Page is a not externally linkable
- Google
-- Google SEO News and Discussion
---- Should I include noindex/noarchive pages in sitemap.xml?


ZydoSEO - 12:52 am on Feb 19, 2013 (gmt 0)


As with most things SEO related... it depends.

I've never been a big fan of sitemap.xml files except for large sites (10s of thousands of pages or more typically). I would rather Google infer the importance/priority of the various URLs on my site by evaluating my internal linking structures and external inbound links. They are quite good at this.

If I encounter a site with crawlability issues, I would rather fix the issues preventing the site from being crawled... instead of putting a bandaid on it with a sitemap.xml.

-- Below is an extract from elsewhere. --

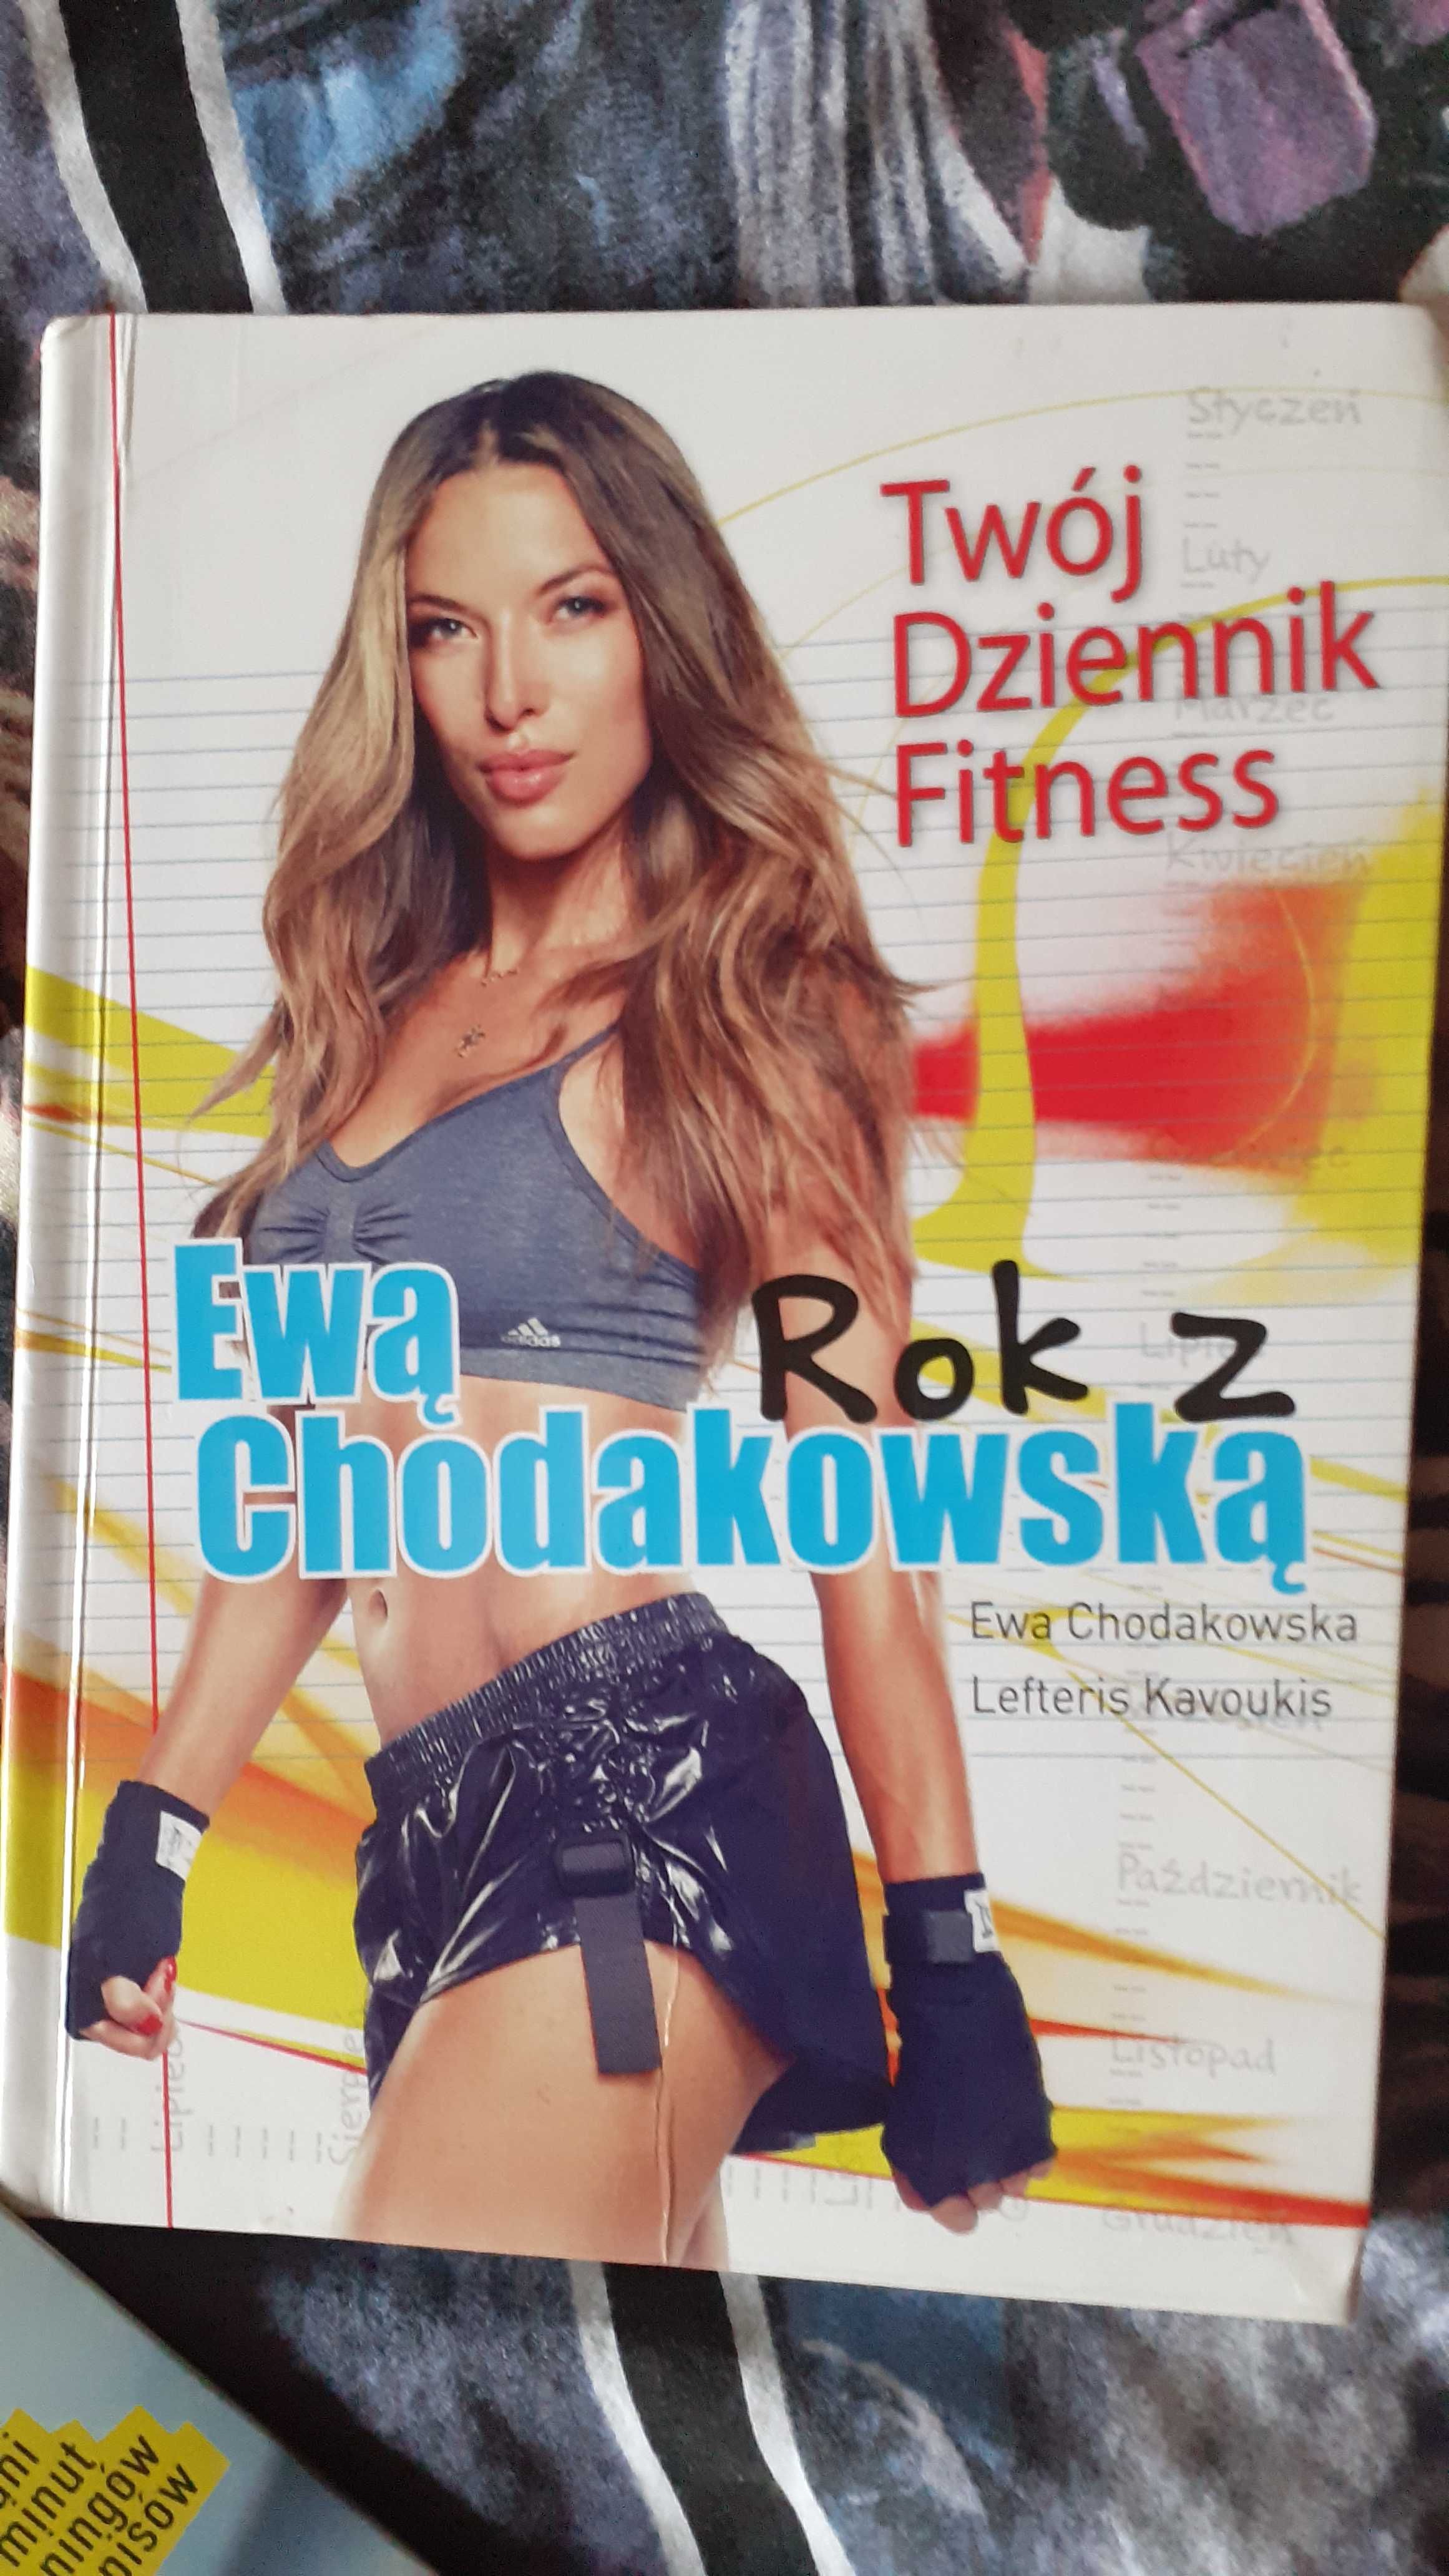 Chodakowska ,zestaw książek,fitness,odchudzanie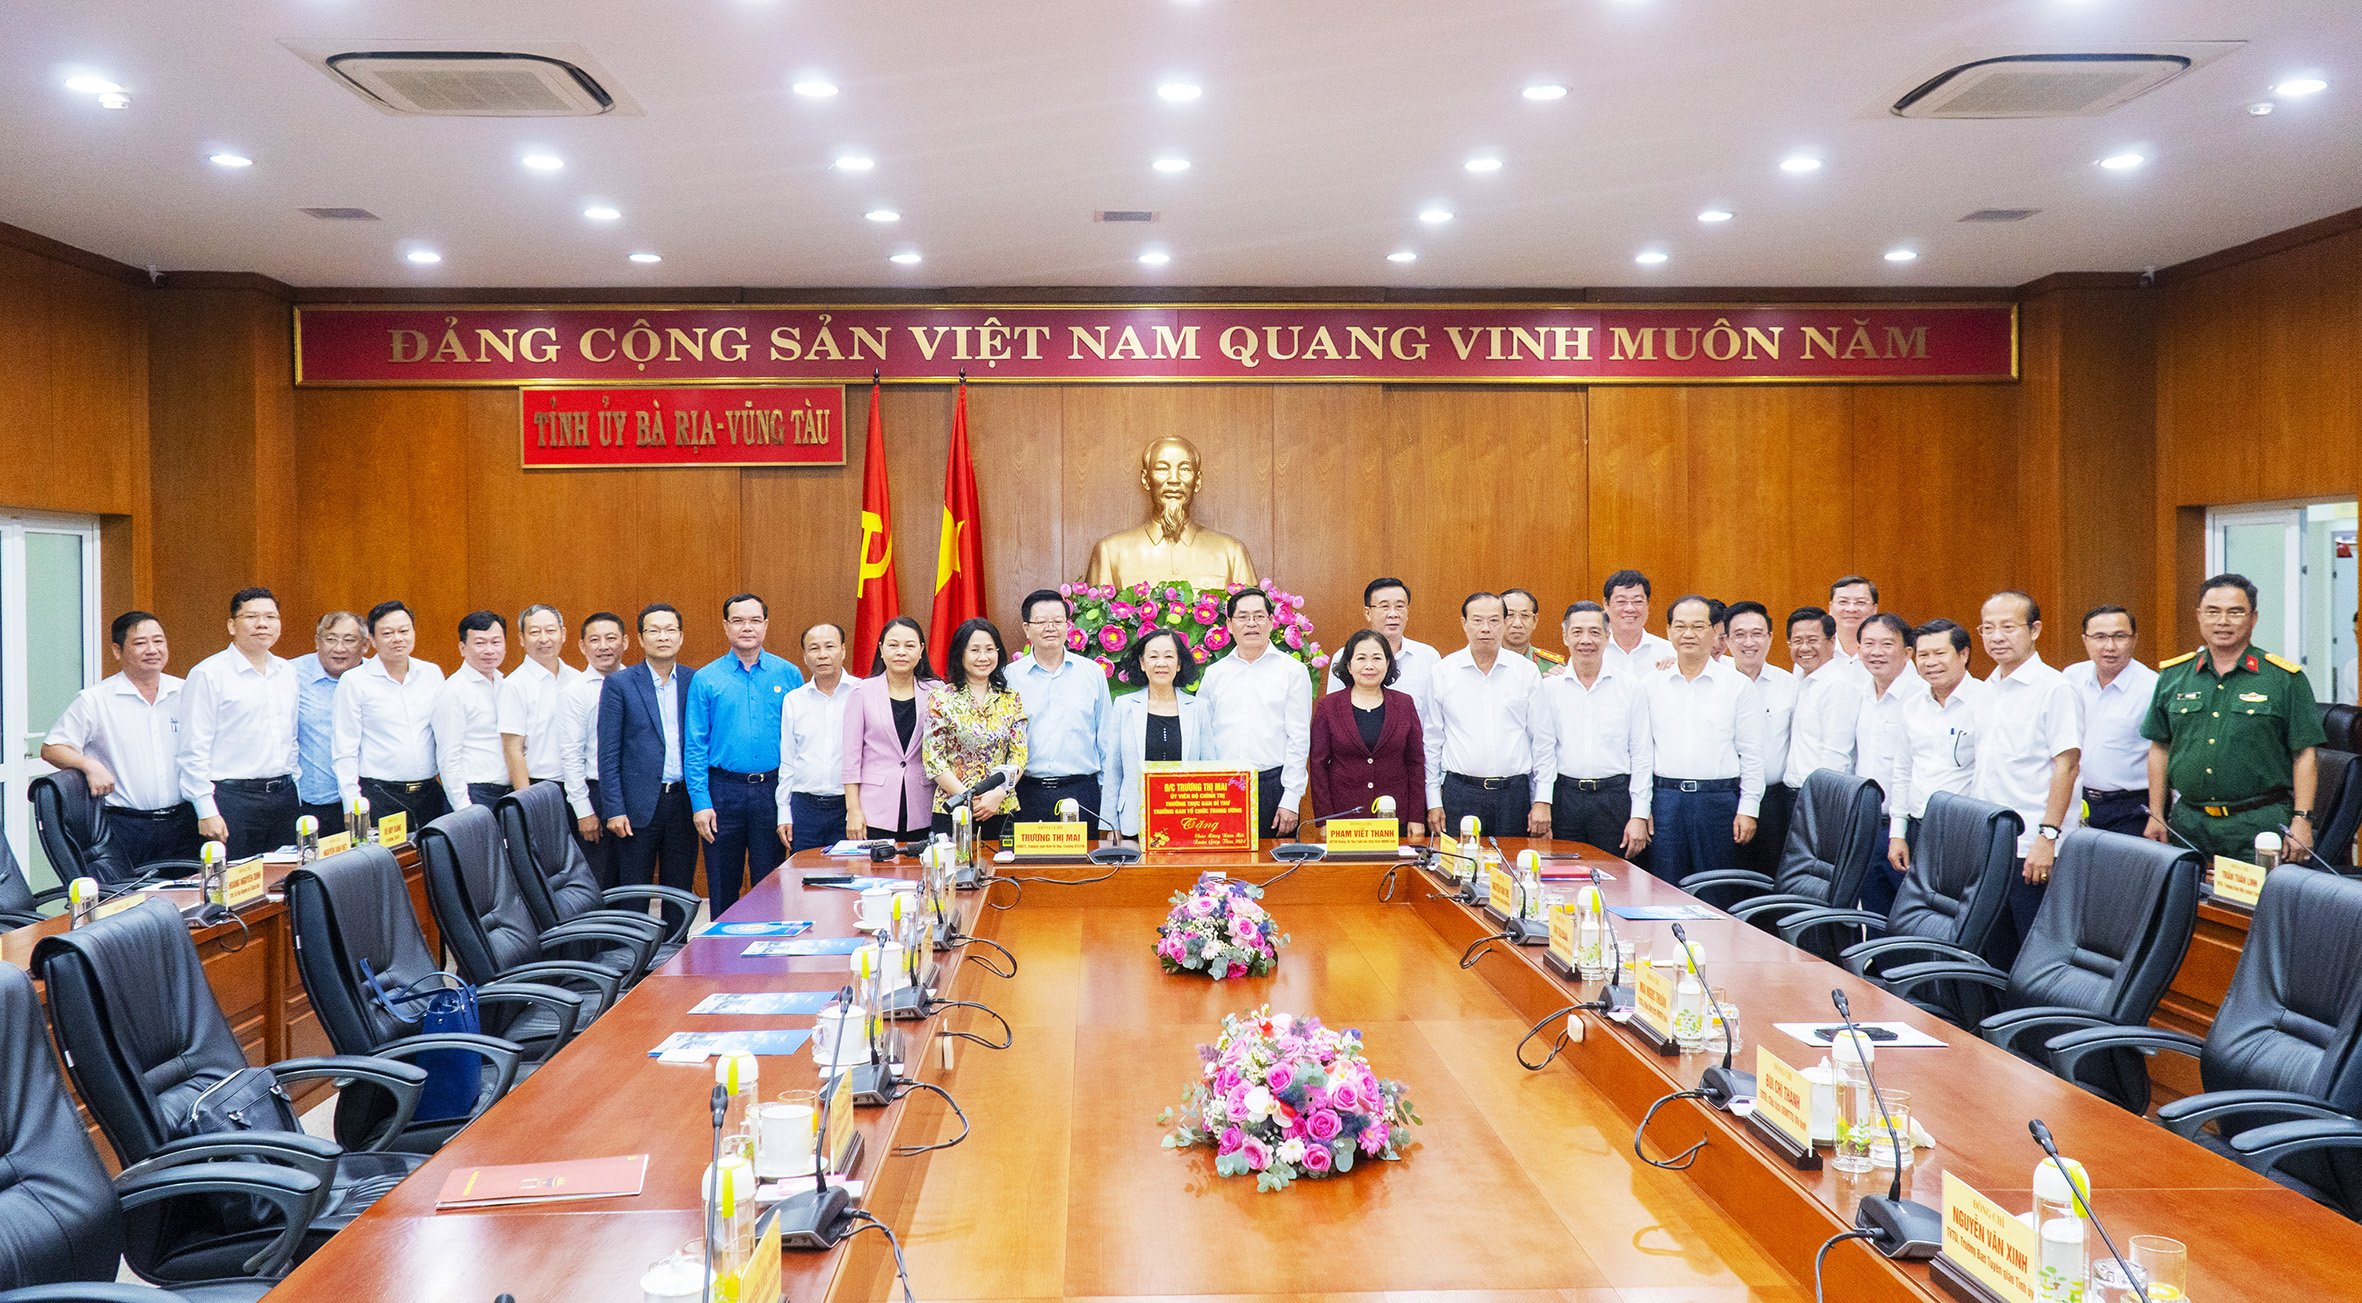 Ủy viên Bộ Chính trị, Thường trực Ban Bí thư, Trưởng Ban Tổ chức Trung ương Trương Thị Mai, tặng quà chúc mừng năm mới Ban Thường vụ Tỉnh ủy Bà Rịa - Vũng Tàu.

If I have a brand new site, getting it indexed w/ a sitemap.xml is pretty much worthless. It's not going to rank for anything significant beyond any initial honeymoon period without links. New sites with no links that get indexed are like being all dressed up with nowhere to go. Rather than wasting time creating, managing priorities for, and submitting sitemap.xml files for a new site to get it indexed... I'd rather spend that time building links which will both get the site indexed naturally AND provide it backlinks to assist with rankings once it is indexed.

However, if you chose to use a sitemap.xml file, there are times when you might want to include in your sitemap.xml certain URLs flagged as NOINDEX, NOFOLLOW, or NOARCHIVE using a meta robots element.

A page flagged NOINDEX can still accumulate and pass PageRank/link juice out to other pages to which it links. It simply won't be shown in the SERPs. There may be times when you want to make sure such pages are crawled so that the engines will discover other pages ONLY linked to from such NOINDEXed pages by giving the NOINDEX URL a high priority.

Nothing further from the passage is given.